Task statement: A verbatim copy of the full data, with no pictures, is the expected answer.

Data section:
*****
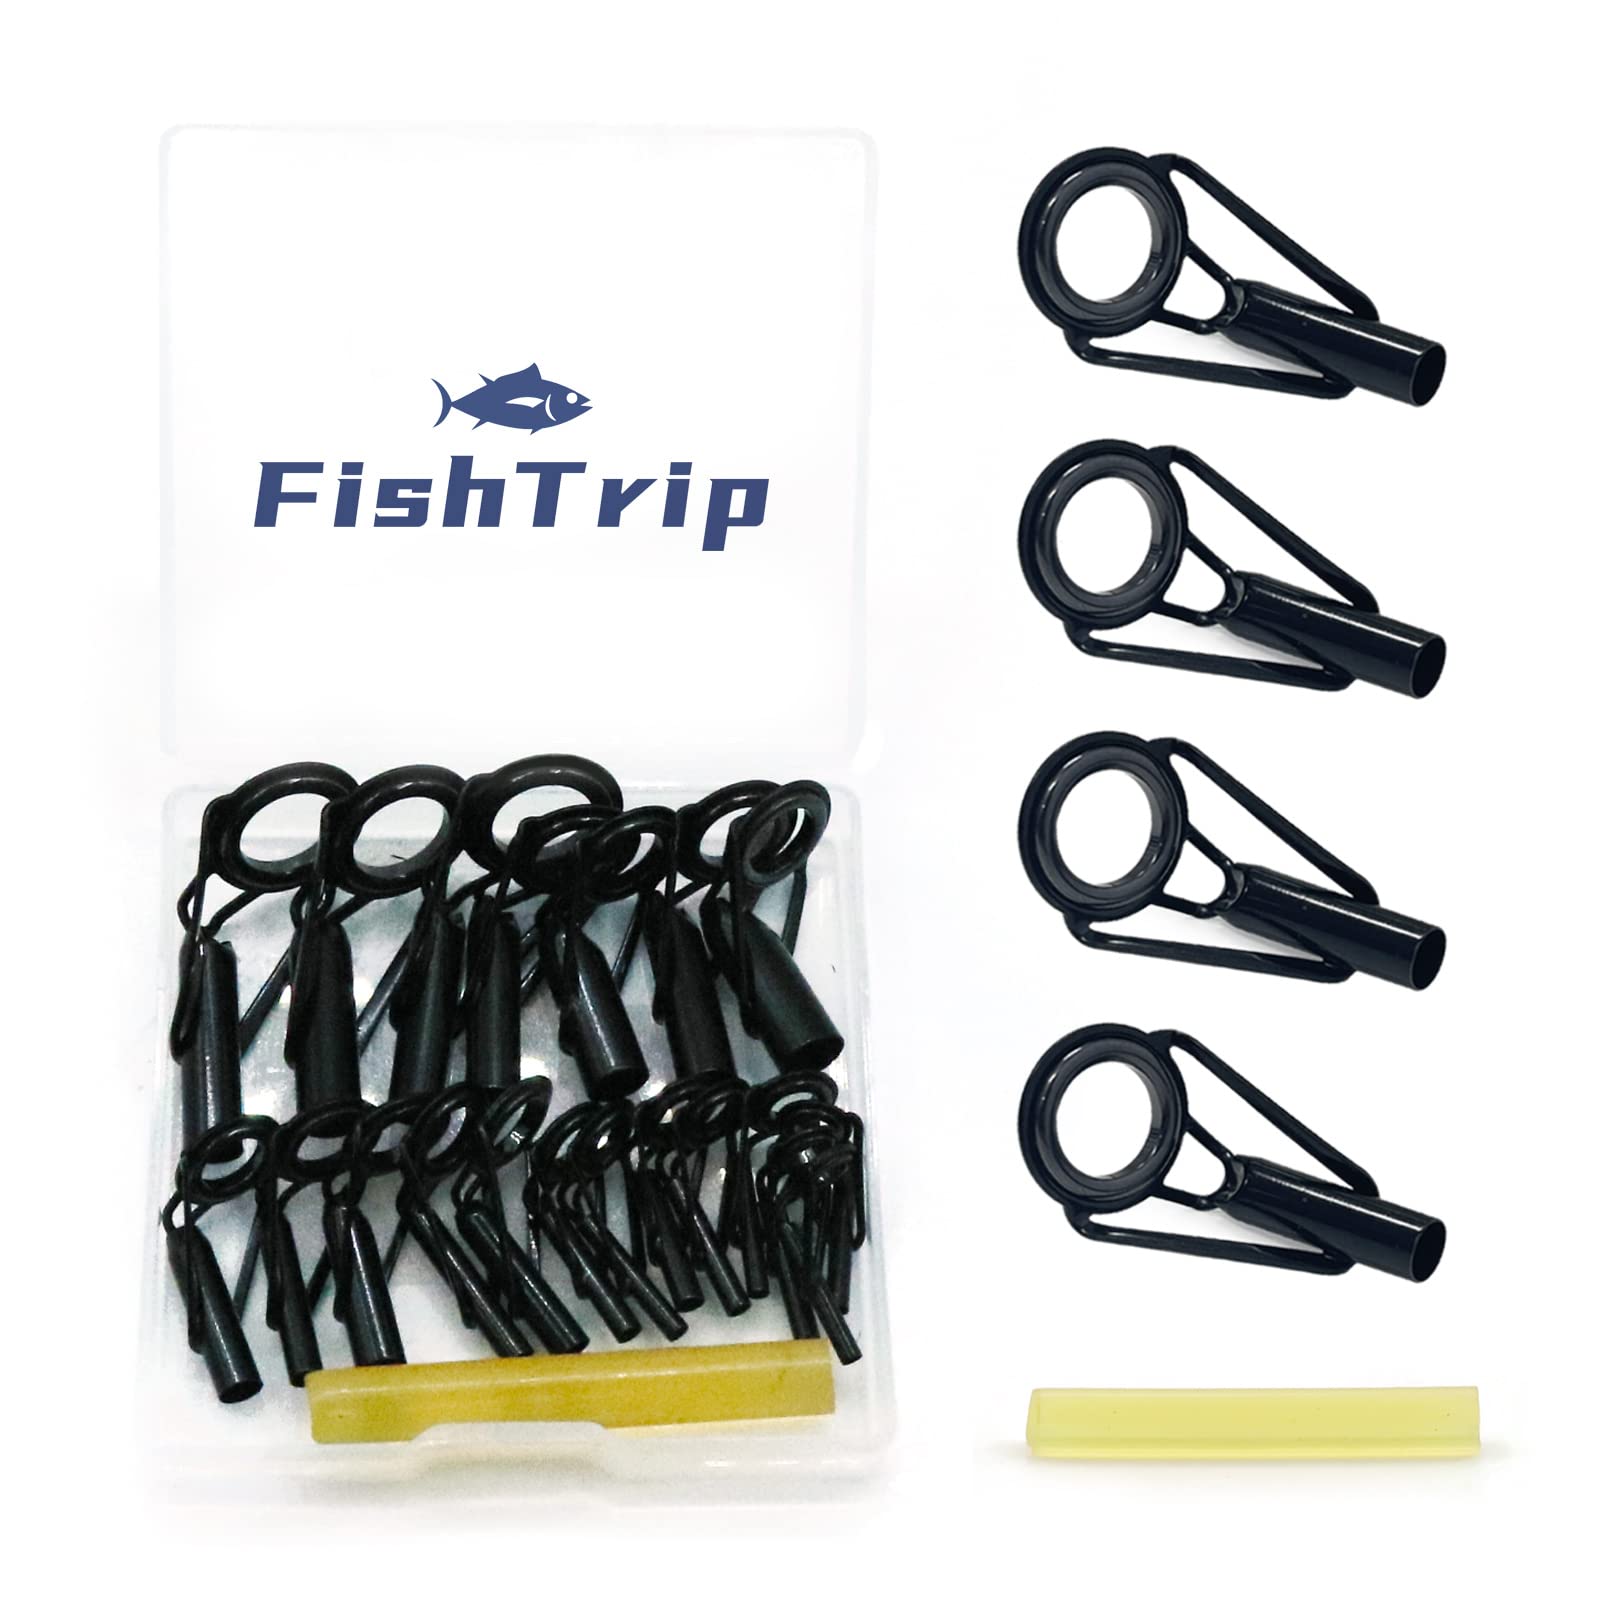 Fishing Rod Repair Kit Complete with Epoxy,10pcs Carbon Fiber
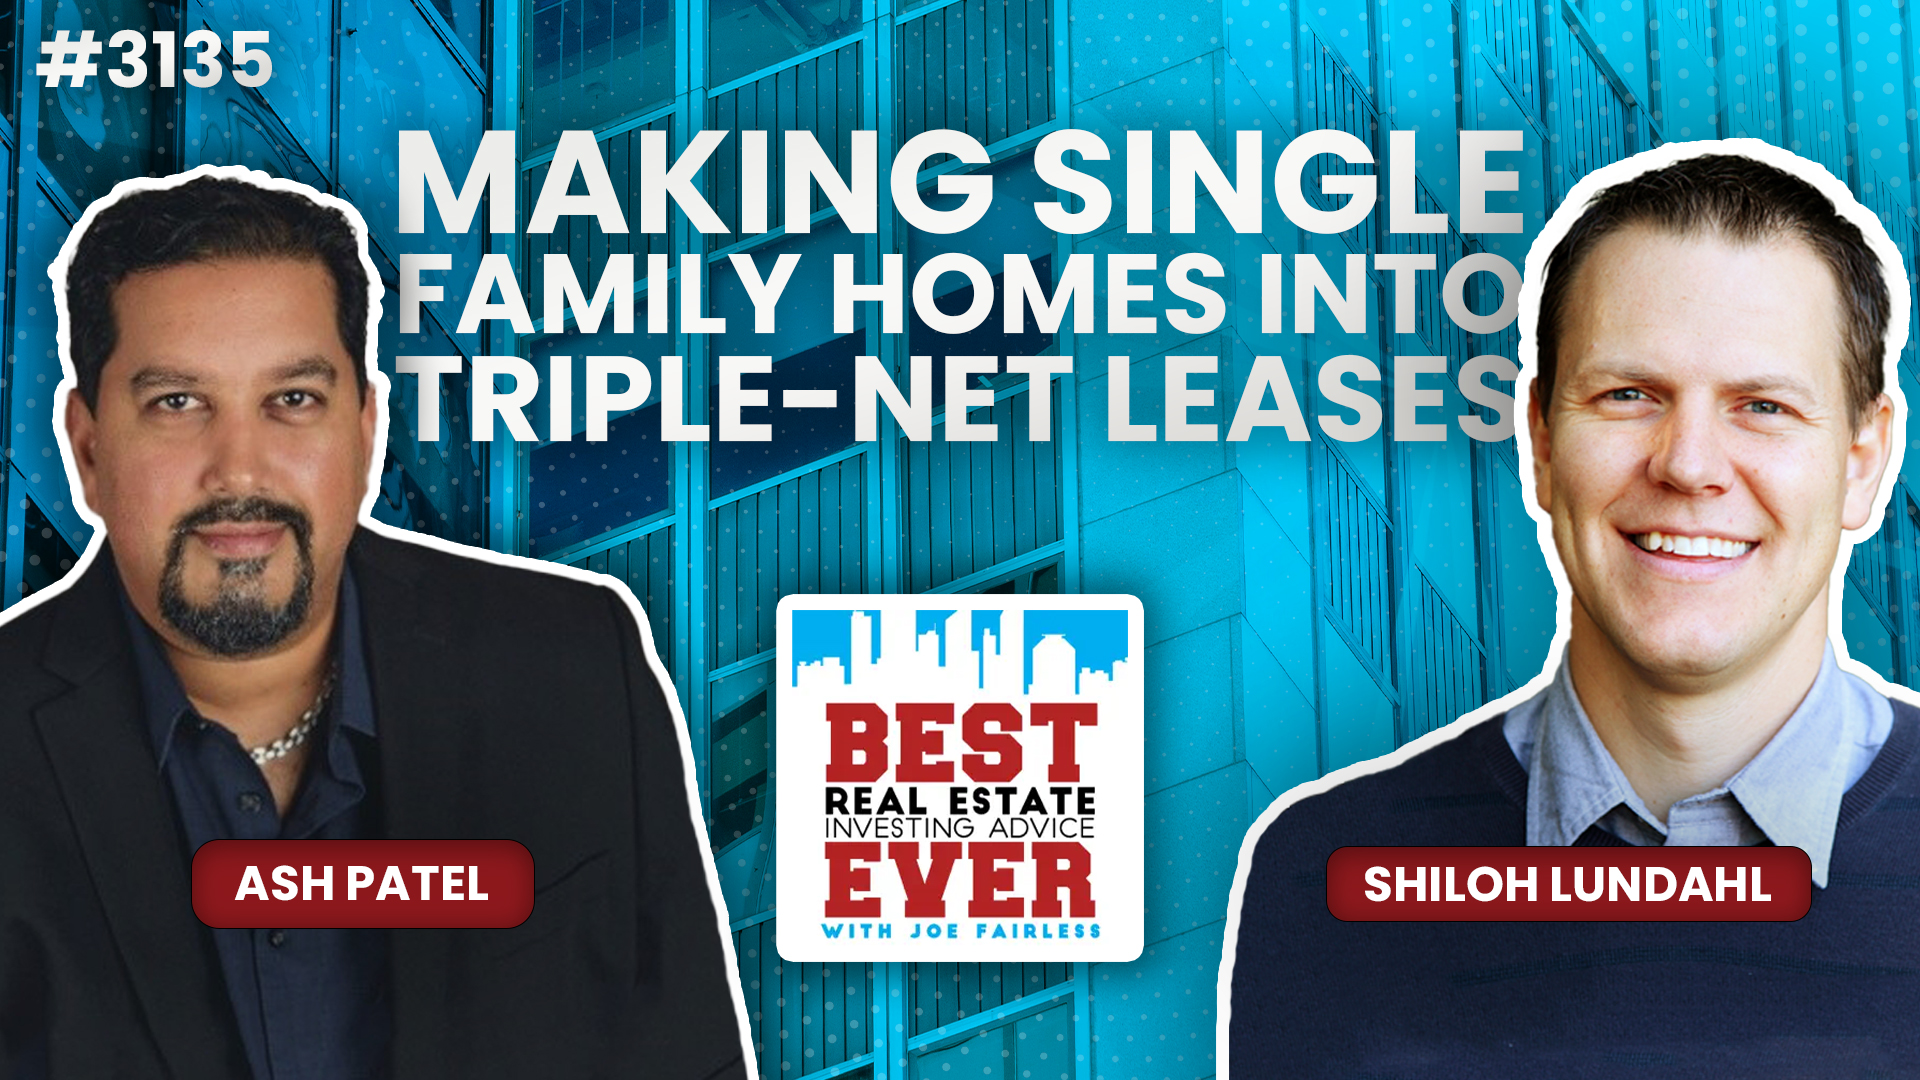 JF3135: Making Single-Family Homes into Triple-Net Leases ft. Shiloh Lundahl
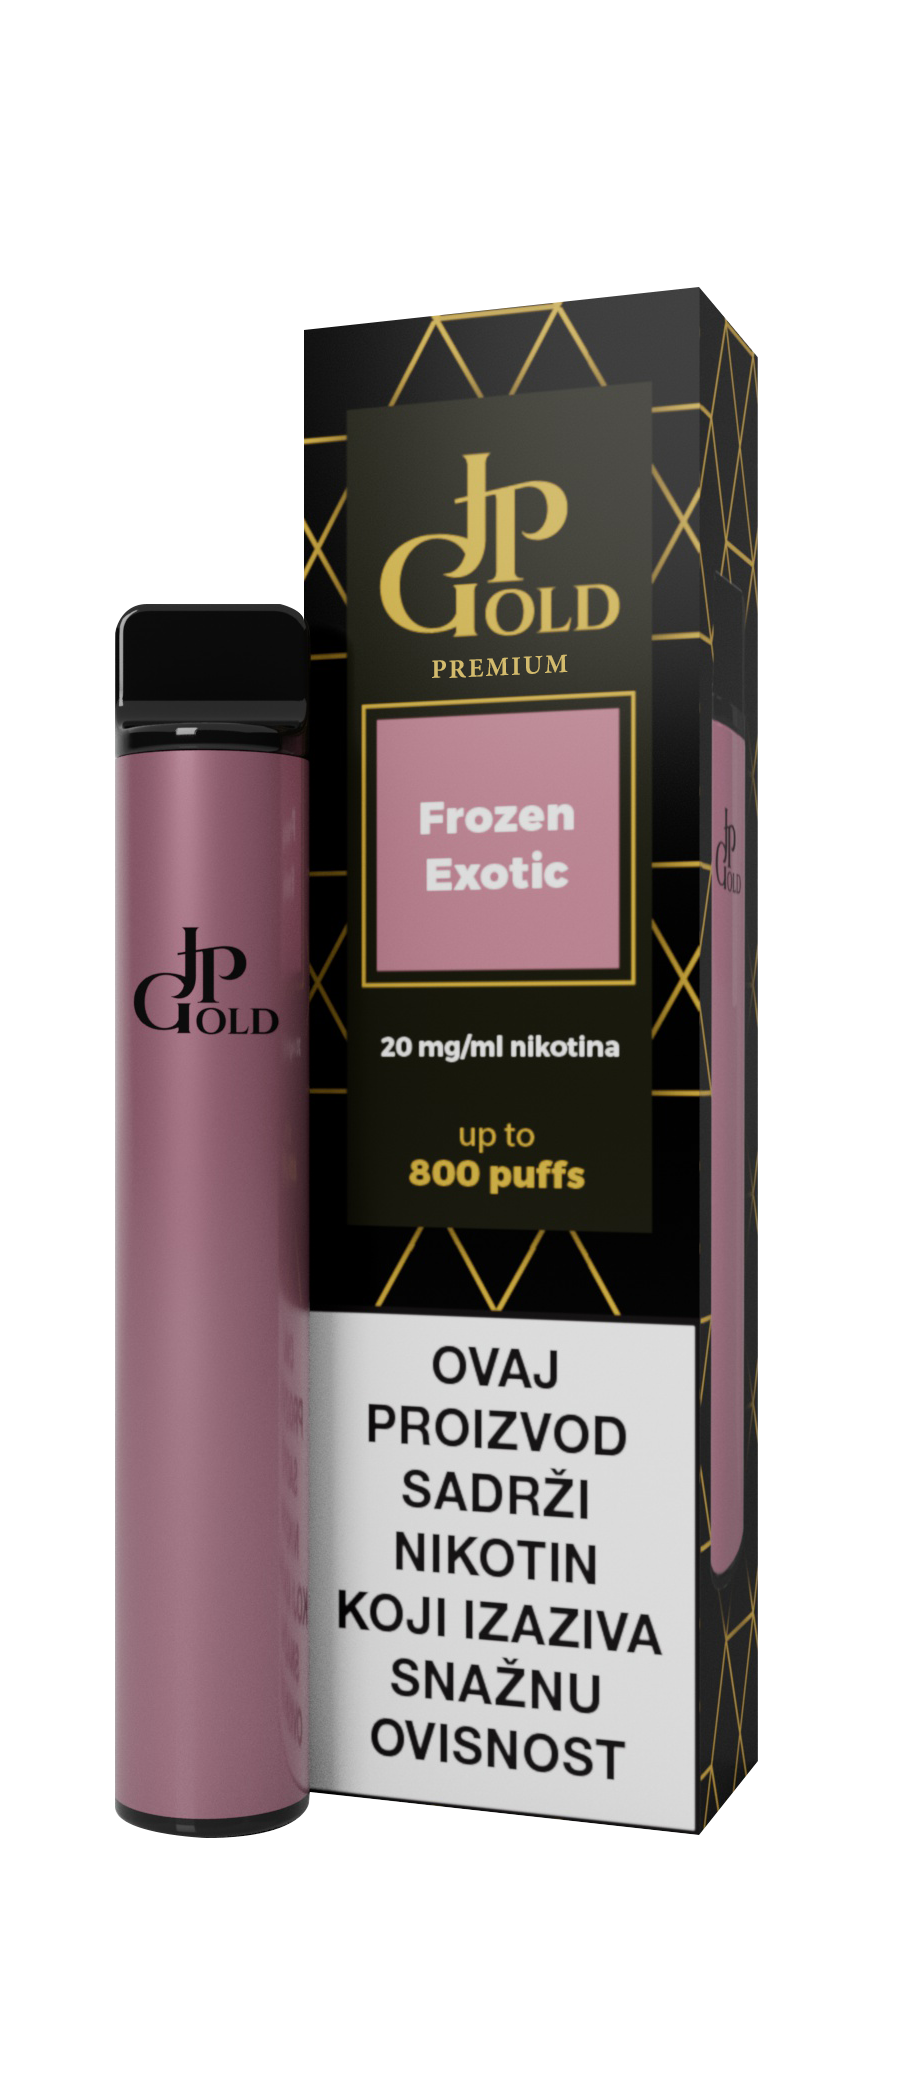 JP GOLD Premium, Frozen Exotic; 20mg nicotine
*****
Completed task:
 Fishing Rod Repair Kit Complete with Epoxy,10pcs Carbon Fiber
 JF3135: Making Single-Family Homes into Triple-Net Leases ft. Shiloh Lundahl
 JP GOLD Premium, Frozen Exotic; 20mg nicotine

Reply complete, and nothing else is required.